June 6, 2007 | BITE: My Journal

Guilt About Gilt 

 Rafael's stylized service makes you feel rich. Photo: Steve Richter
Rafael's stylized service makes you feel rich. Photo: Steve Richter


     I must apologize for getting so caught up with the demands of a new website that I did not get to reporting an exceptional dinner at Gilt this past June. It was Definitely-Worth-the-Splurge to me. Quiet. Romantic. Elegant, old-fashioned service. You might agree it’s worth the investment  if you’ve got $250 or so to leave behind for two economizing on the $78 prix fixe. (We didn’t want to spend the night so we resisted the chef’s “Grand” seven course marathon for $135.) I do believe the staff managed to serve five exquisitely arranged courses without a single “enjoy.”  That’s worth $5 all by itself.
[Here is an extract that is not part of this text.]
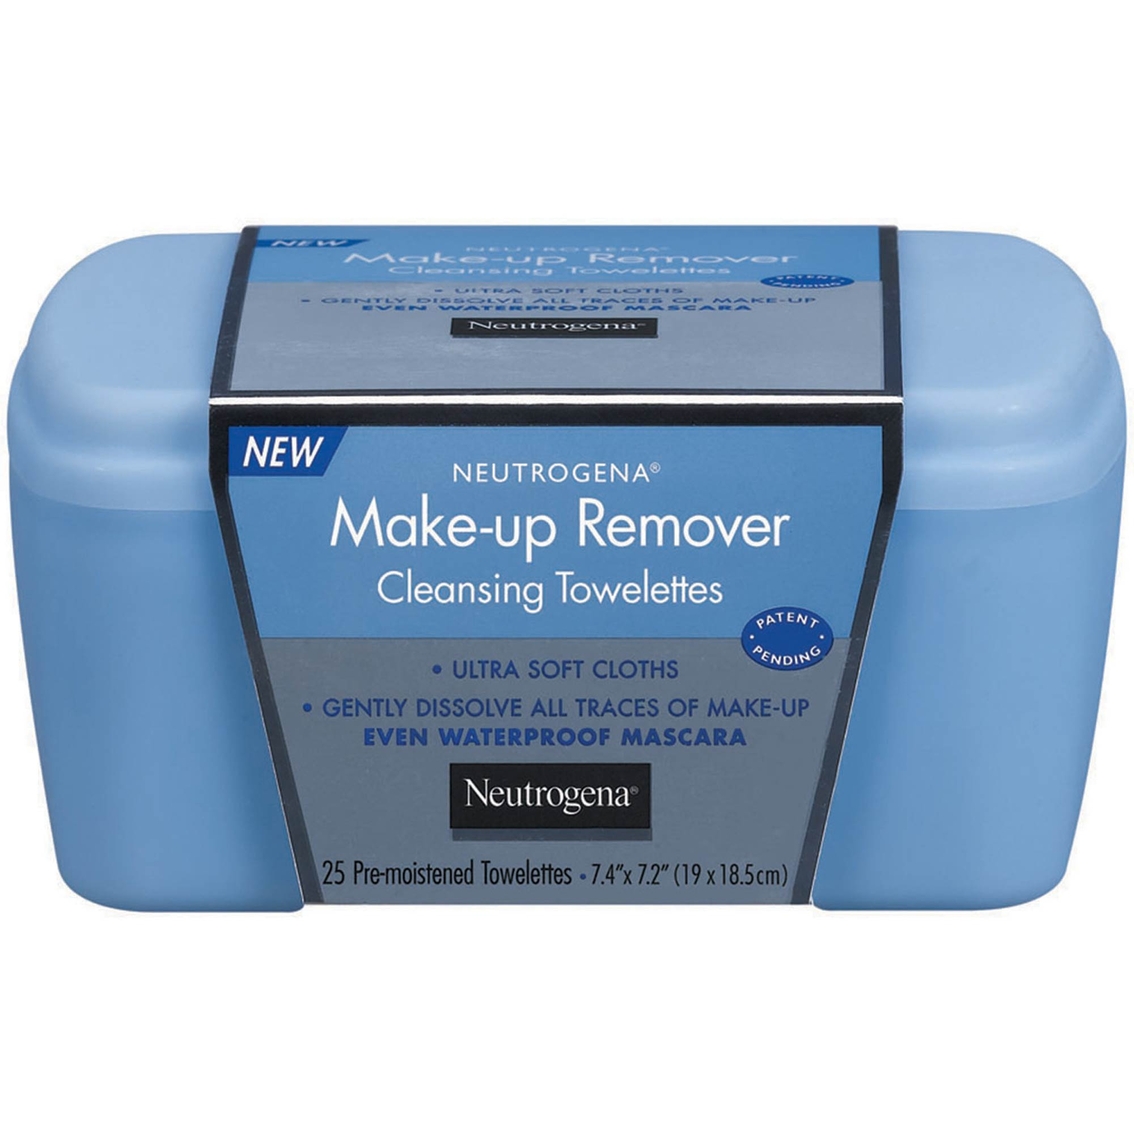 Neutrogena Makeup Remover Cleansing Towelettes 25 Pk.

     I had done my due diligence in 2005 when Gilt opened with the obsessively playful British ex-pat Paul Liebrandt in the show-off kitchen of the Vuillard Mansion at the New York Palace Hotel. I still get shivers remembering a bitelet suspended on plastic wrap, just one of his gambits, some of them quite delicious but ultimately silly, tedious and annoying.
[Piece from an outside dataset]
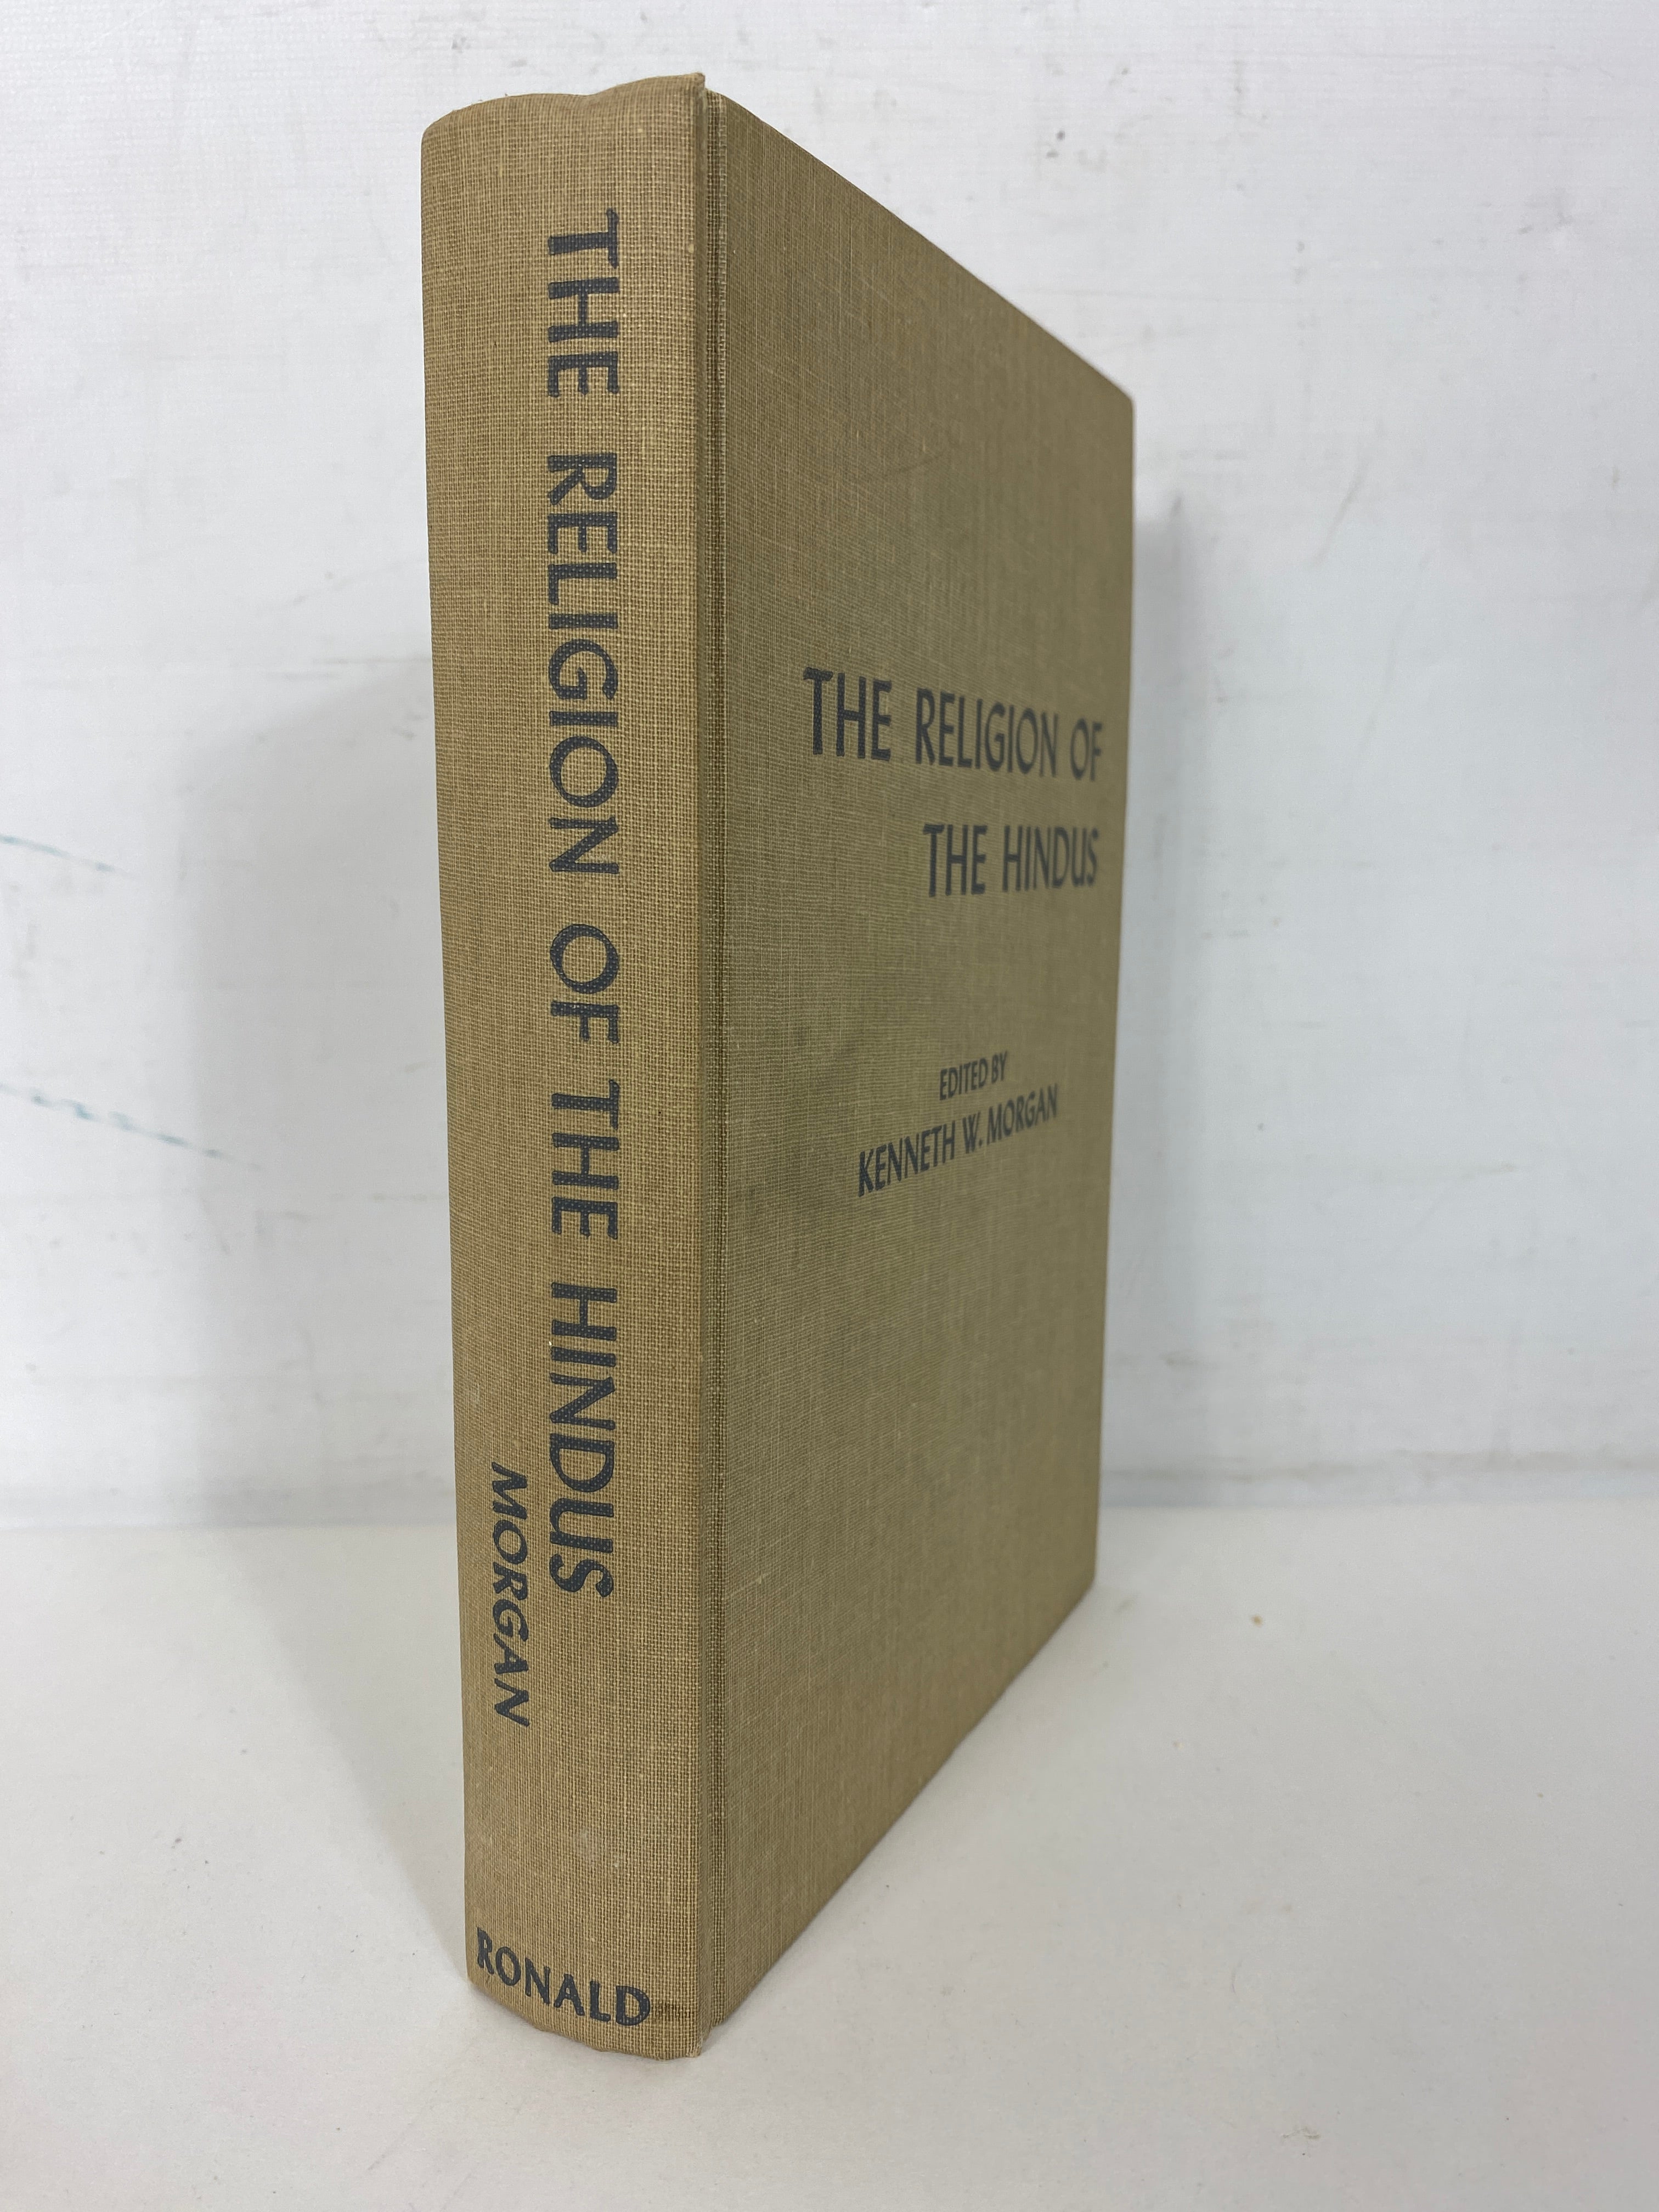 The Religion of the Hindus by Kenneth Morgan 1953 HC

Chef Lee paints plates alongside his sous, Justin Bogle. Photo: Steve Richter.

     Now Christopher Lee, long-time alter wisk of Daniel Boulud, had taken over the kitchen and was getting good buzz. In the shocking pink glow of the glorious landmark room with its plastic accents, not many tables are occupied. Beside us is a trio dressed in workout gear. That Las Vegas look invades Manhattan.  Except for an occasional too much ado on one plate, the food has gone from unabashed Byzantine to faintly rococo and mostly delicious. Modulated Marvin Gaye on the sound system fills the emptiness but still we find ourselves whispering.
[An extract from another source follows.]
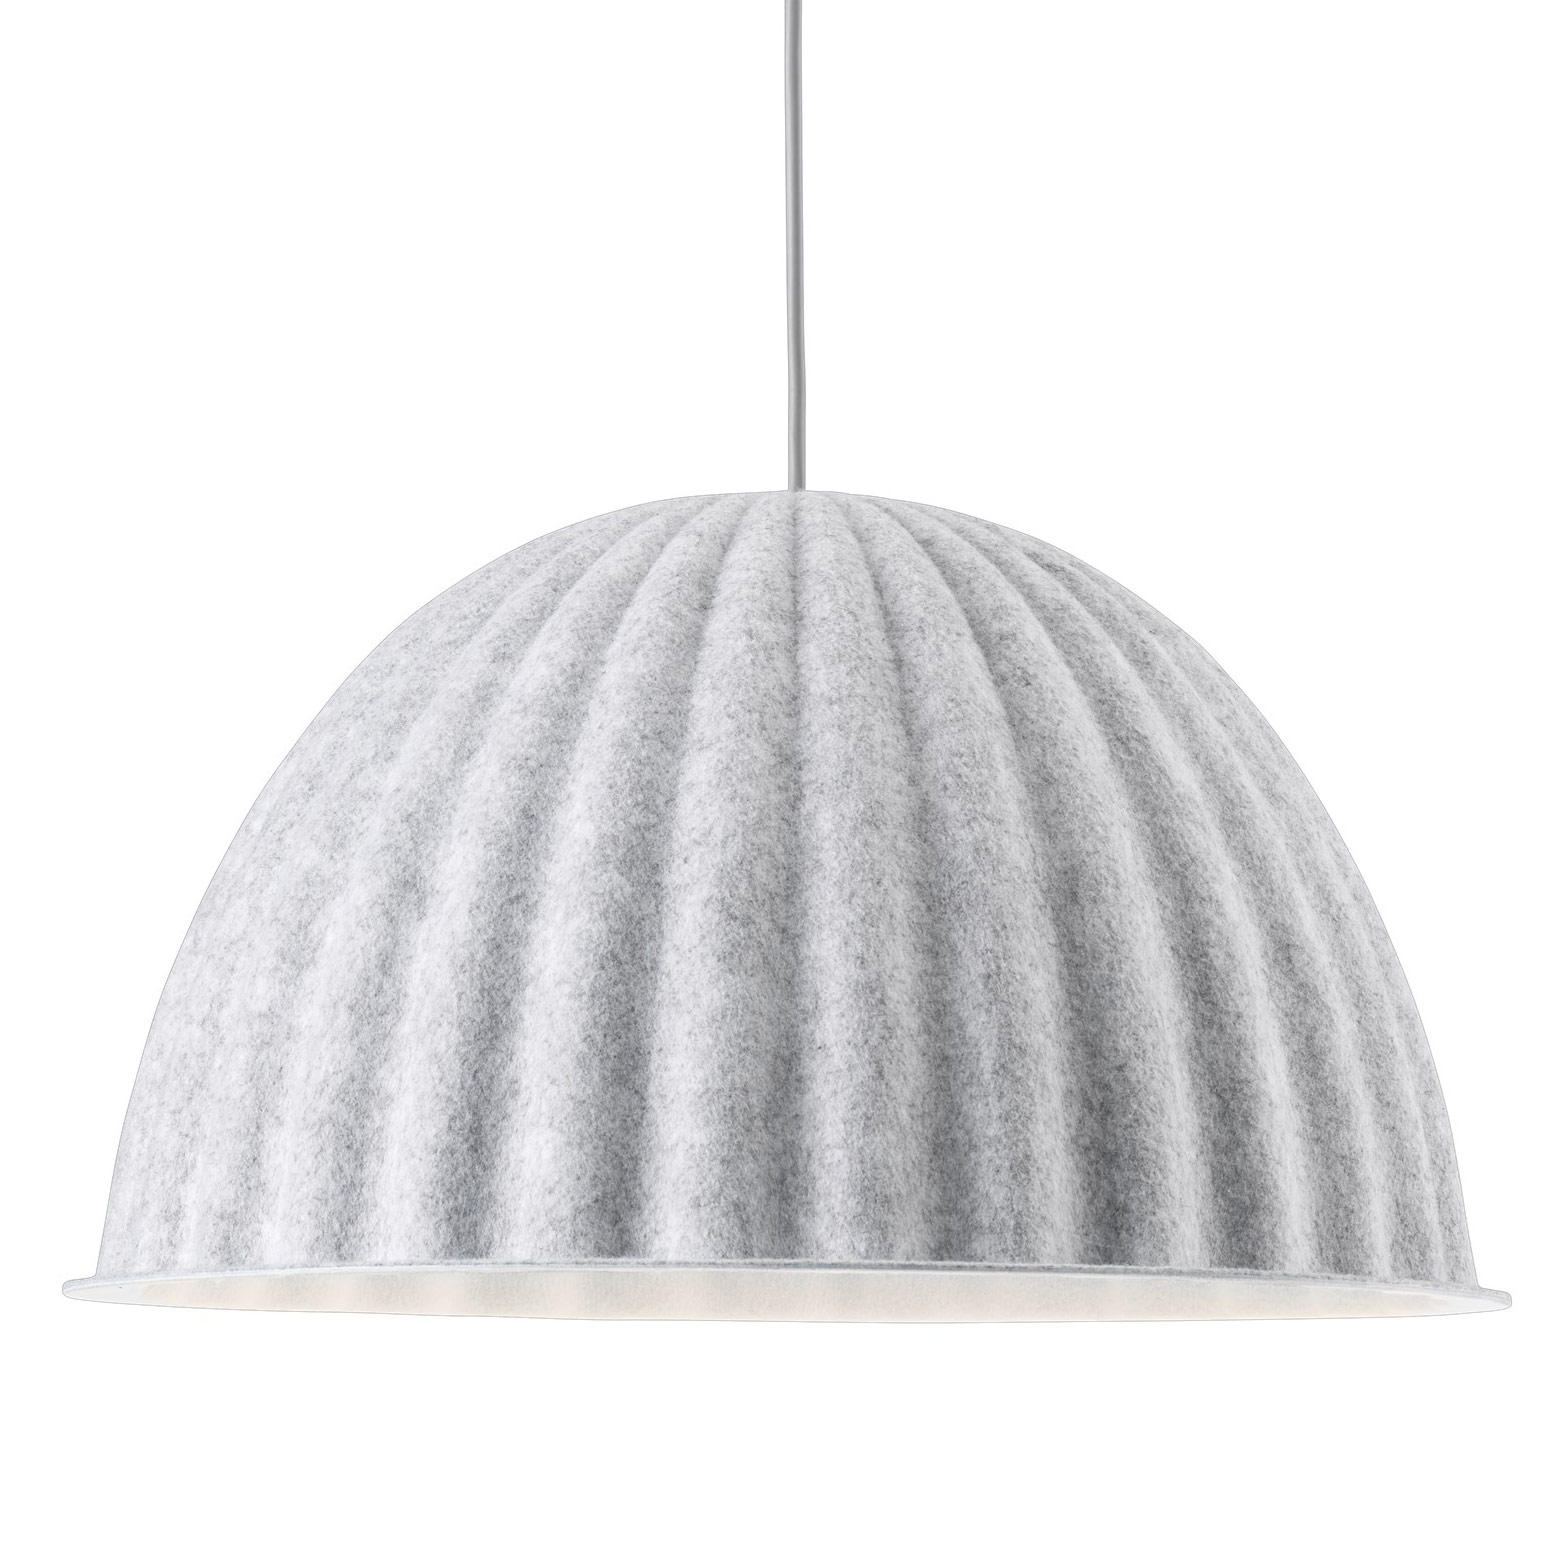 Under the Bell Pendant by Muuto | MUTBPDLPSM-WHME | MUU814073

     Even a palette of too many accessories on the edge of the plate can’t quite dilute the sensuous impact of diver scallop seviche wreathed in voluptuous sea urchin. With the kitchen dedicated to turning out pasta every afternoon, the delicate richness of sheep’s milk ricotta cheese ravioli is no surprise. Over the decades anything served á la
Lee embraces abstract art. Photo: Steven Richter
Wellington,” has had to overcome derision for retro frippery, but Lee’s yellow fin tuna with foie gras and porcini wrapped in spinach and thin leaves of pastry has the finesse to melt such snobbery. And the Road Food Warrior, who can be especially nasty when food gets too precious, had compliments for his lamb, the rack and a ragu of the shoulder served with a golden raisin falafel for comic relief.


     Fall dishes have already moved onto the menu since our dinner but pastry wizard David  Carmichael (ex of Oceana) will be exploiting the season – as they all like to say – with exceptional talent. His breads are excellent too: Don’t try to choose between his cake-like focaccia and a buttery fan of a roll. Have both. And when the dapper Rafael Jovel bows, playing the devoted family retainer, and slowly lifts the lid of a carved heirloom box of fabulous chocolates, take three.


     One of these days, that shocking pink glow and the plastic must go. Christopher Lee is waiting to be rediscovered.



The Palace Hotel 455 Madison Avenue bet. 50th and 51st Street.  212 891 8100.